WORK INSTRUCTION - No pictures belong in the copy. Retype exactly, and only, the stretch of lines below from the one with "PM de Malta" through the one with "La manifestación del".

PROVIDED ENTRIES -

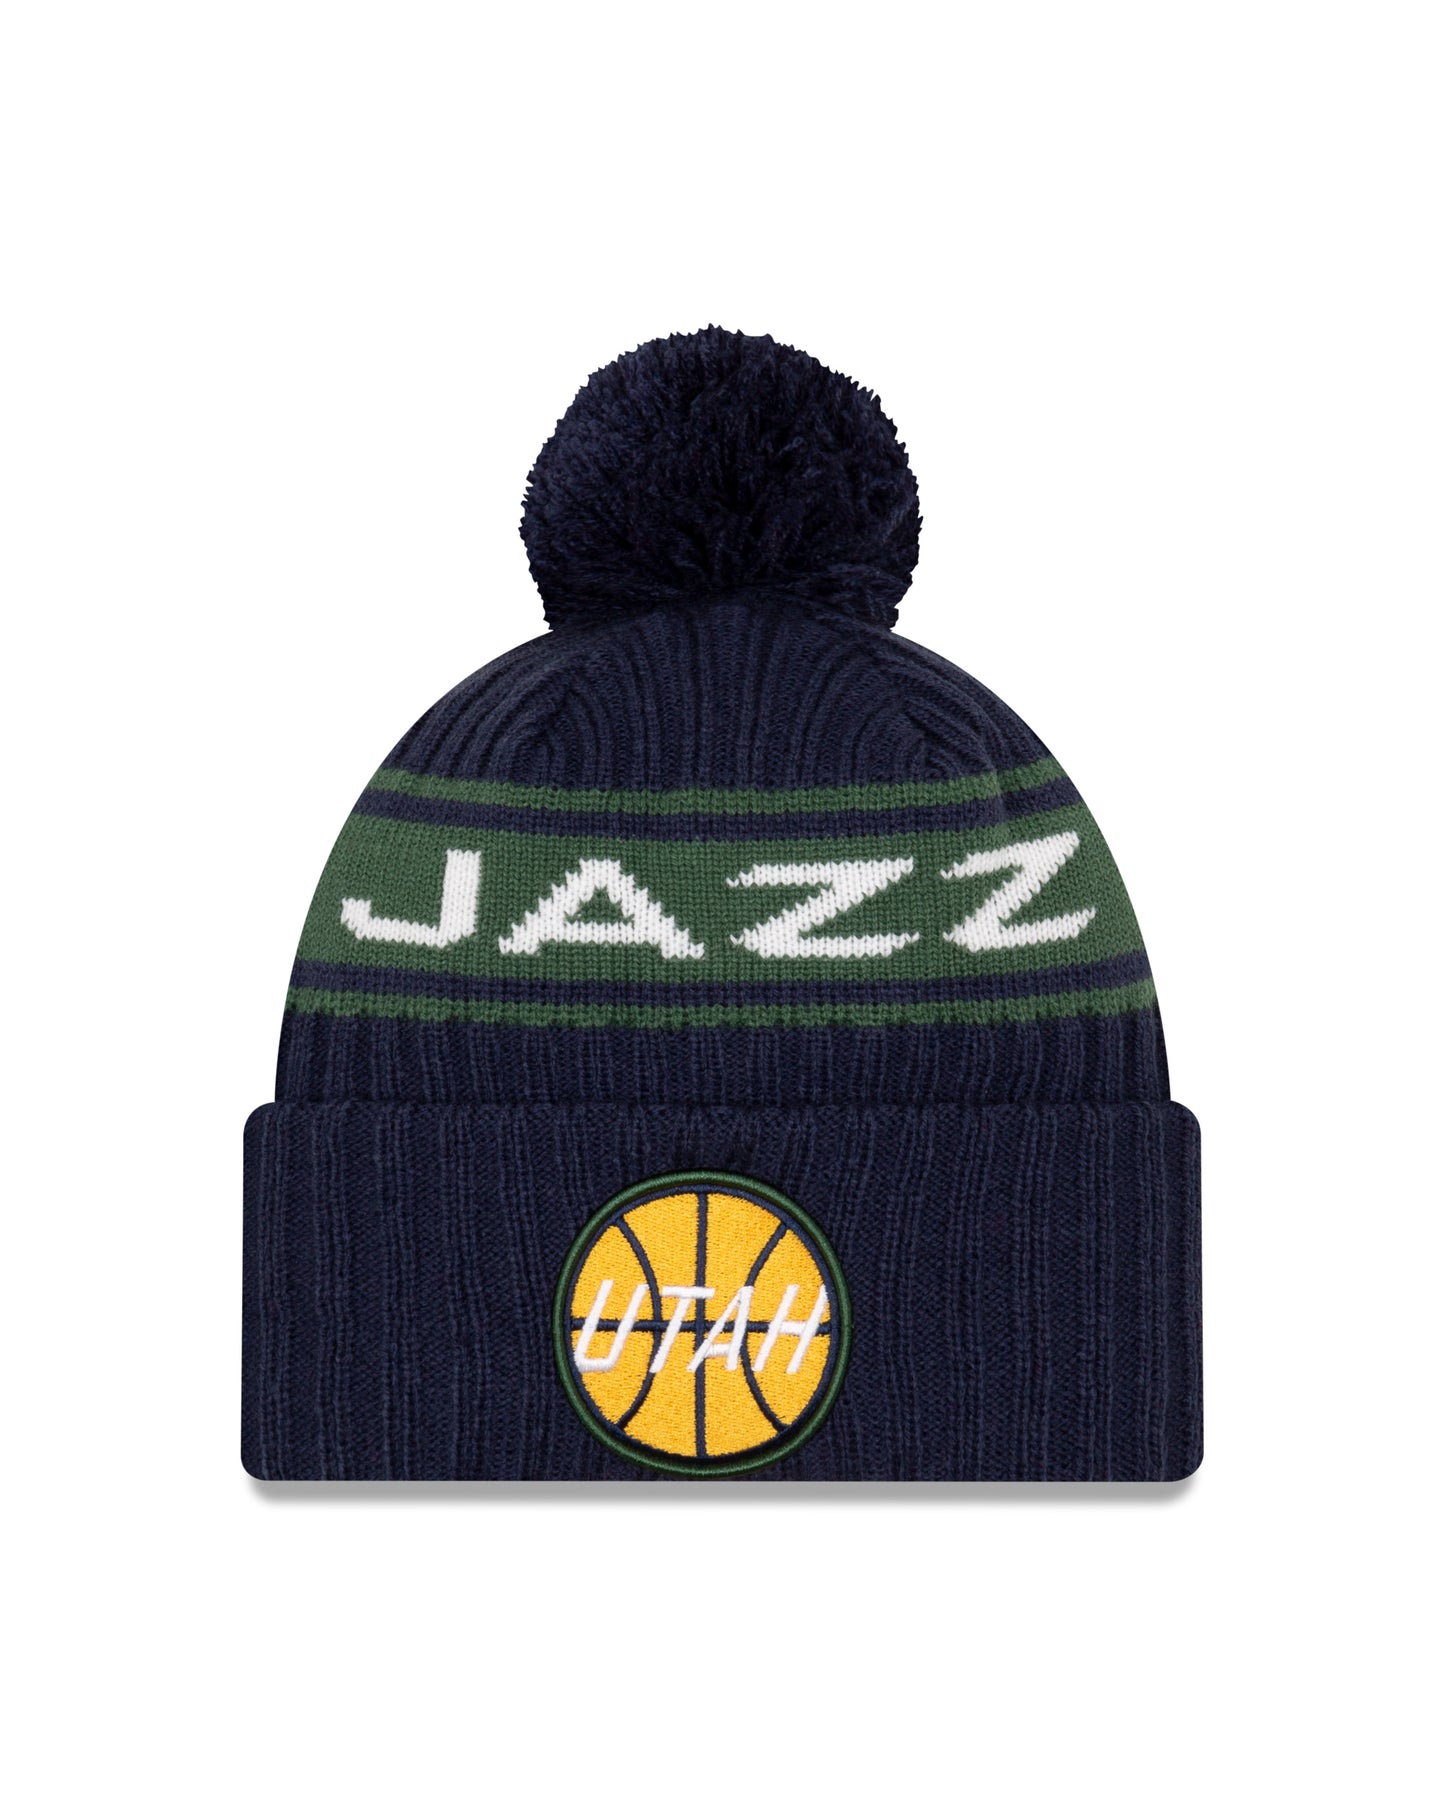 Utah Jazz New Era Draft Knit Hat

==

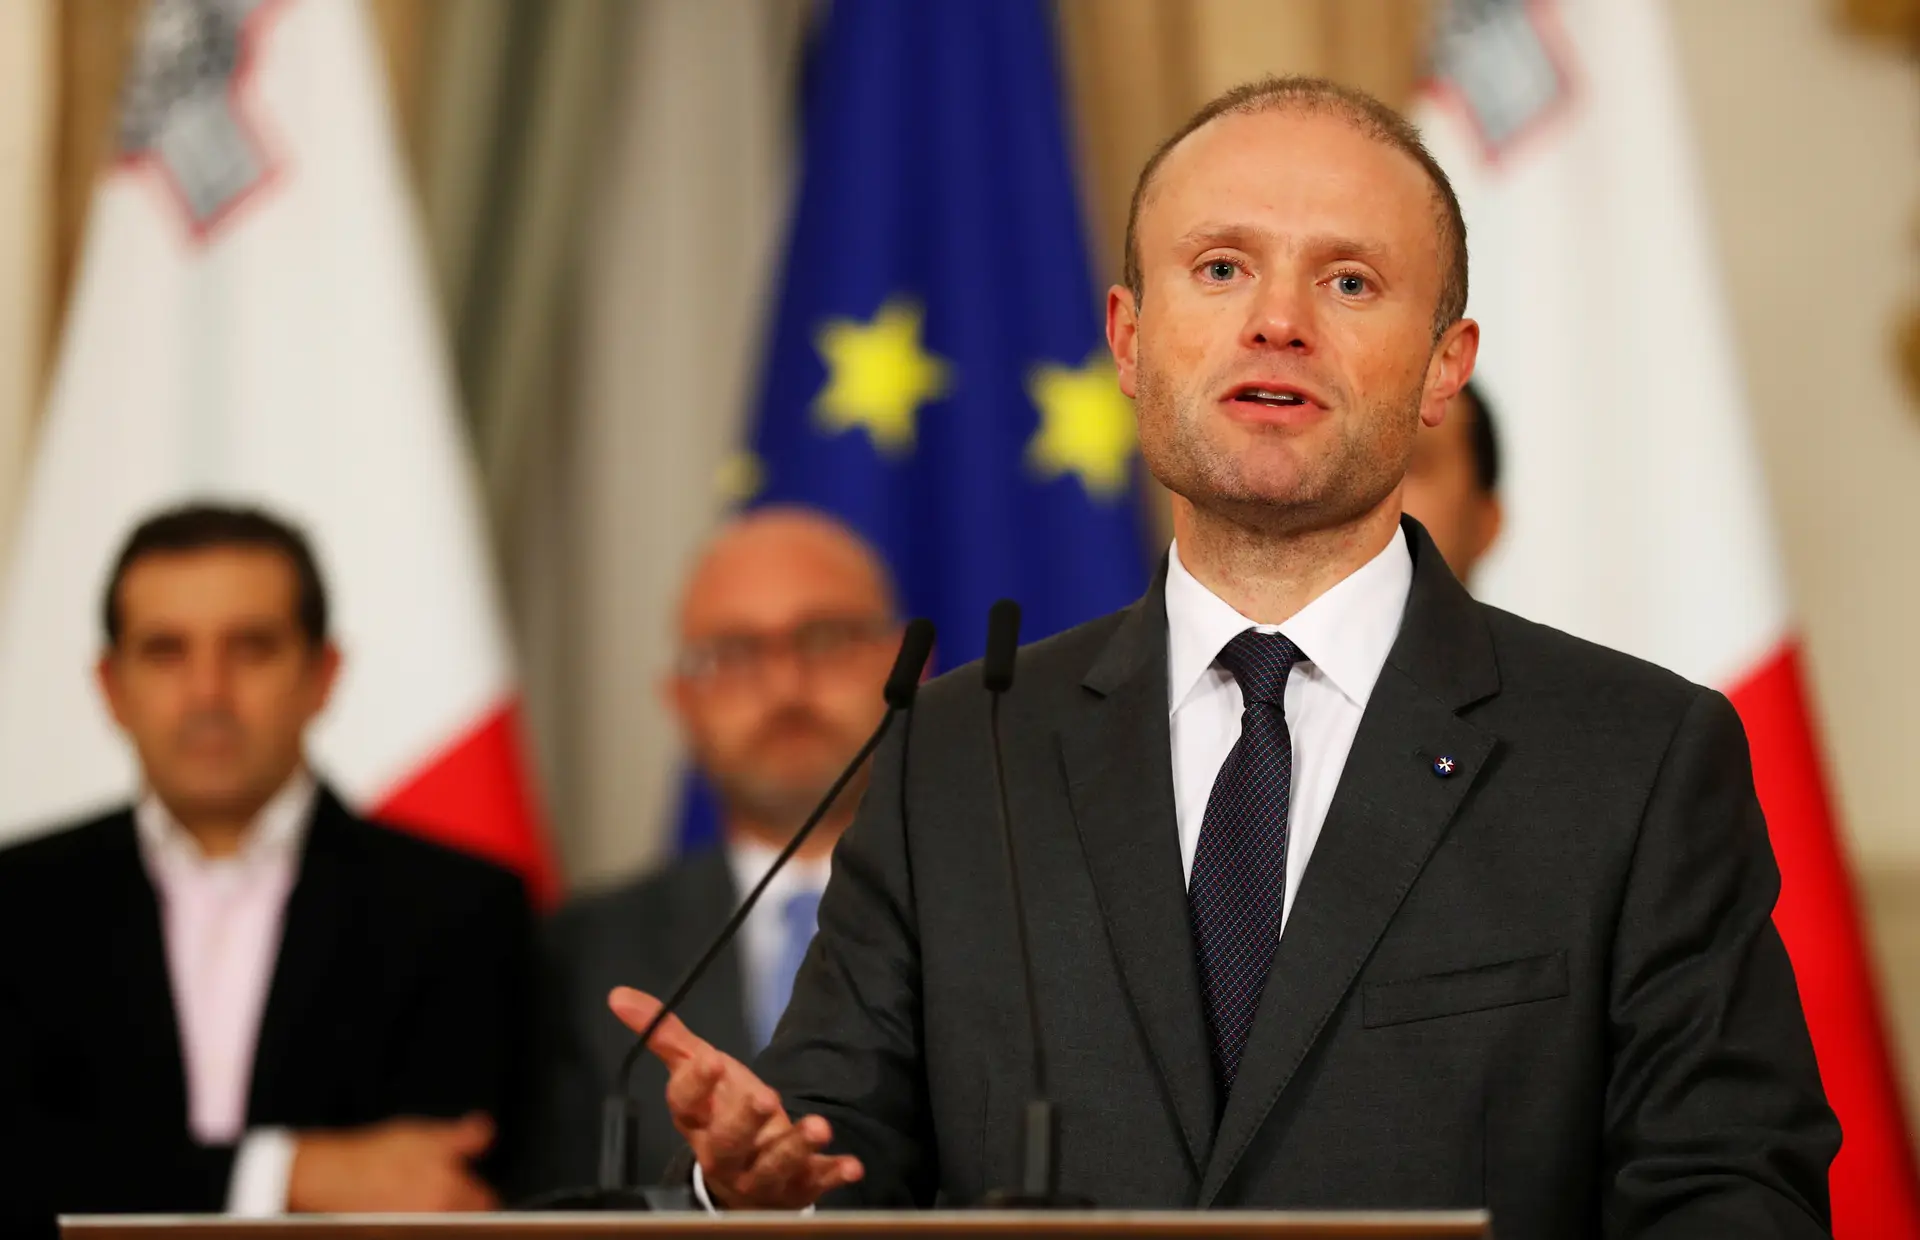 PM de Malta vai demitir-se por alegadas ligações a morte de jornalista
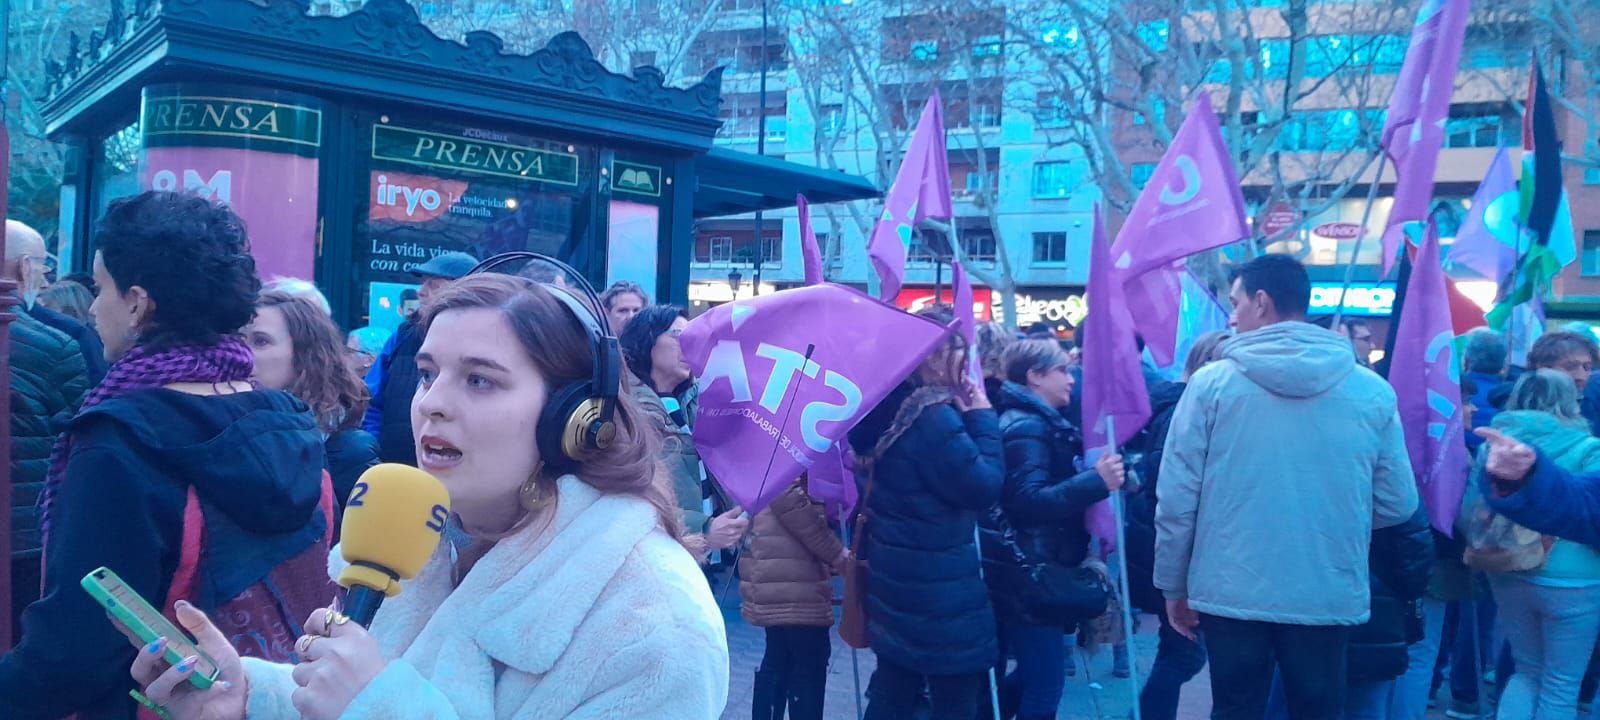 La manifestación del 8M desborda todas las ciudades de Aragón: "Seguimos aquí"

OUTPUT FOR THIS TASK -
 PM de Malta vai demitir-se por alegadas ligações a morte de jornalista
 La manifestación del 8M desborda todas las ciudades de Aragón: "Seguimos aquí"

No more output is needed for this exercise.